===== PROVIDED INFORMATION

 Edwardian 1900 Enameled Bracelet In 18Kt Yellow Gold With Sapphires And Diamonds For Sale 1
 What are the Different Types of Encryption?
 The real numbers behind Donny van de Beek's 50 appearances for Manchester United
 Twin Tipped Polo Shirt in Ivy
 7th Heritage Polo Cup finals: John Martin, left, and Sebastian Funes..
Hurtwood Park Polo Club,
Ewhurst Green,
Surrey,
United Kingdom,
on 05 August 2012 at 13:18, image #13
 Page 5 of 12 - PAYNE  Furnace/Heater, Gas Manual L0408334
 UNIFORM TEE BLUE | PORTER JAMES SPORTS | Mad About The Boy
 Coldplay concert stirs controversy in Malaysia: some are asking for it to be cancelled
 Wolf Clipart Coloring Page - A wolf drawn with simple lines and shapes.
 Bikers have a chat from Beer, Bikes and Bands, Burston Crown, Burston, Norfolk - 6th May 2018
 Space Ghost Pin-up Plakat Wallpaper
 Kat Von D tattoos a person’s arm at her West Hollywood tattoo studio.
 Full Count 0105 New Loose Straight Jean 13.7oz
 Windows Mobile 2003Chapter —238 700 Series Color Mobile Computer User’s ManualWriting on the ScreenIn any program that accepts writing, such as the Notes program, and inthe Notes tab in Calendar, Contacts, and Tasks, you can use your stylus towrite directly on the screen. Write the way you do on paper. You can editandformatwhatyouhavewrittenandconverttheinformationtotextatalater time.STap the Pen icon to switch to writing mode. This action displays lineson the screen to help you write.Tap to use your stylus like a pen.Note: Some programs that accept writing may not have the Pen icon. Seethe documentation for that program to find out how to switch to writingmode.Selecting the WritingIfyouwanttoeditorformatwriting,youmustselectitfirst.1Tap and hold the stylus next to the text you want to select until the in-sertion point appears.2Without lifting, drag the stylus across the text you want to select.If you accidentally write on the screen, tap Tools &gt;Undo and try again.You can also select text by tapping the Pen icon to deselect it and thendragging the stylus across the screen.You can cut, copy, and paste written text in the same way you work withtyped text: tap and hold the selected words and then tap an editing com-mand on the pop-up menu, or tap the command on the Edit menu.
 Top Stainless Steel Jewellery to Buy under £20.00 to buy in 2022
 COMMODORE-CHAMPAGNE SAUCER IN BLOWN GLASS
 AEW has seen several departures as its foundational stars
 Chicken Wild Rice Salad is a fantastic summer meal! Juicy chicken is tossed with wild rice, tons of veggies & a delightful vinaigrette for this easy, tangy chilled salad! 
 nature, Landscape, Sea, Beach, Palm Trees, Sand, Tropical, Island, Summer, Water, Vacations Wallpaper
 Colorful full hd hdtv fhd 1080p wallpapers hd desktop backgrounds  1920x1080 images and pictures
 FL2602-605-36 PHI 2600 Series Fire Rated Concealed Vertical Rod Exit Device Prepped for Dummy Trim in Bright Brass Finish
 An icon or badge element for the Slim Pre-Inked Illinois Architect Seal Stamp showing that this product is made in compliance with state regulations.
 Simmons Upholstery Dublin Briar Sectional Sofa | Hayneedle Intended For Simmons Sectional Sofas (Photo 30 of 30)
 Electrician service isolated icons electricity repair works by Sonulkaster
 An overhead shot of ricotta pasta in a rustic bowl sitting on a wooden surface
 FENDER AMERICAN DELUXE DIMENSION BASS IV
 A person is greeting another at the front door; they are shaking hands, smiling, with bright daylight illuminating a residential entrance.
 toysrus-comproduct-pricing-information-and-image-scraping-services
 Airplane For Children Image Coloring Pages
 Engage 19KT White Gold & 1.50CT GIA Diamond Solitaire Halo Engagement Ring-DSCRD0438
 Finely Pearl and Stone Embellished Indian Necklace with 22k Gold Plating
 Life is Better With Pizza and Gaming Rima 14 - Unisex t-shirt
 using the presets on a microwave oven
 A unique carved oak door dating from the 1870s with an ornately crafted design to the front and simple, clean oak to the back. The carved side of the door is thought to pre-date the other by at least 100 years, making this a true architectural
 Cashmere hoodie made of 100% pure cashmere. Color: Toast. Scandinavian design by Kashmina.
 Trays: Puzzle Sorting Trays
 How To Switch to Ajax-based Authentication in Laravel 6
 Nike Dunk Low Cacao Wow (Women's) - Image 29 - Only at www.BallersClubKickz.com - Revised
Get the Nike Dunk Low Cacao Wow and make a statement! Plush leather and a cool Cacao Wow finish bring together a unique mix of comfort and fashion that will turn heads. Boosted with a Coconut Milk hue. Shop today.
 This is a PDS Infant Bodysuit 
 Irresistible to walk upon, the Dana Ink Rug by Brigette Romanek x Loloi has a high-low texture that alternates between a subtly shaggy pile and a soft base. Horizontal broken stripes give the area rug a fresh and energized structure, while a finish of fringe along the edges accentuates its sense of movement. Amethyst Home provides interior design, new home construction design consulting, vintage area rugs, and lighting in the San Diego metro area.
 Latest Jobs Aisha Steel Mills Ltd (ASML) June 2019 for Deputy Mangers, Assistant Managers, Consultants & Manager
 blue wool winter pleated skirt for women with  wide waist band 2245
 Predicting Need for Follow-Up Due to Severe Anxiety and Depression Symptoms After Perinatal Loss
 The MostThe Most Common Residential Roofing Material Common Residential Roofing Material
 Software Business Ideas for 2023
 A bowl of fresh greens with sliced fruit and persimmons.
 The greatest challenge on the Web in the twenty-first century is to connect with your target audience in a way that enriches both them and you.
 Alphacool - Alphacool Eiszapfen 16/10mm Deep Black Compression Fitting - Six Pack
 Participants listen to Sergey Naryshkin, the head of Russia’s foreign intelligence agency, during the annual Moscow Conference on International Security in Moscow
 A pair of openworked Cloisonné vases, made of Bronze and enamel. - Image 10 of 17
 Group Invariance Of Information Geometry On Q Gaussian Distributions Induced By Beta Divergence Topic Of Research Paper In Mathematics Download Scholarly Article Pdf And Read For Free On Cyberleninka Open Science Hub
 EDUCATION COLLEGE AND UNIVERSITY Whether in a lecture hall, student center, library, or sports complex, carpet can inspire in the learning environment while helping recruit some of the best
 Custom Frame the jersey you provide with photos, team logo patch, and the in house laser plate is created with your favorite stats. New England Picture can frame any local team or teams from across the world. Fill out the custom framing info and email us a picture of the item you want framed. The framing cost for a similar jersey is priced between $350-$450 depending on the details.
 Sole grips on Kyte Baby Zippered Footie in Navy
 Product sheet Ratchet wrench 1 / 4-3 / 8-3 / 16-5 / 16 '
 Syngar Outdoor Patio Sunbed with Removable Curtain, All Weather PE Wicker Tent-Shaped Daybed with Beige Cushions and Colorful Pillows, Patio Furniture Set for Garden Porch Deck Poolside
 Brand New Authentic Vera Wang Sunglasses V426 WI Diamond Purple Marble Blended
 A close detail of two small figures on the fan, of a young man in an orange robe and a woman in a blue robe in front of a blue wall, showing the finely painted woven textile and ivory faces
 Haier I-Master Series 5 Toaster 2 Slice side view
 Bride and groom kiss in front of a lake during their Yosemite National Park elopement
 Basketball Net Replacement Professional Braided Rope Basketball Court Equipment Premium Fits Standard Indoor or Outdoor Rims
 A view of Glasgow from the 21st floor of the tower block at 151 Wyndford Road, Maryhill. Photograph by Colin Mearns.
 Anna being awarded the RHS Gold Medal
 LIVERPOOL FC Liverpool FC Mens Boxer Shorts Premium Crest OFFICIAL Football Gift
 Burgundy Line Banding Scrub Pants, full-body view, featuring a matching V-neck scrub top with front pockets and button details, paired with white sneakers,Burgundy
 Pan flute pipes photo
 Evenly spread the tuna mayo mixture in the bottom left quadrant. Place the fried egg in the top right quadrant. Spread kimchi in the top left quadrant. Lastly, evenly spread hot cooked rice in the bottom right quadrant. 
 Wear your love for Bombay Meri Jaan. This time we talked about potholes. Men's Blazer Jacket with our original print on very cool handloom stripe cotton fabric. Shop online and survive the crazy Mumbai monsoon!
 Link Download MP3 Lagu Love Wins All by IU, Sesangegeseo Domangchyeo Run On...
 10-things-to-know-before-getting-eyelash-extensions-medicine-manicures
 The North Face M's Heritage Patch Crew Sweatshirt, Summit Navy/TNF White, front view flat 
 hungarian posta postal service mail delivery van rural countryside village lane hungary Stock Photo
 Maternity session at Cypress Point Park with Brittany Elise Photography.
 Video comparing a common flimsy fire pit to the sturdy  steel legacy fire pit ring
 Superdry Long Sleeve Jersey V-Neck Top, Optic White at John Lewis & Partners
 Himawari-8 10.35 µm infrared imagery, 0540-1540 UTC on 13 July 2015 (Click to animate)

==========

YOUR INSTRUCTIONS
Return only the number of lines in the material with the word "want" in them.

EXPECTED ANSWER
2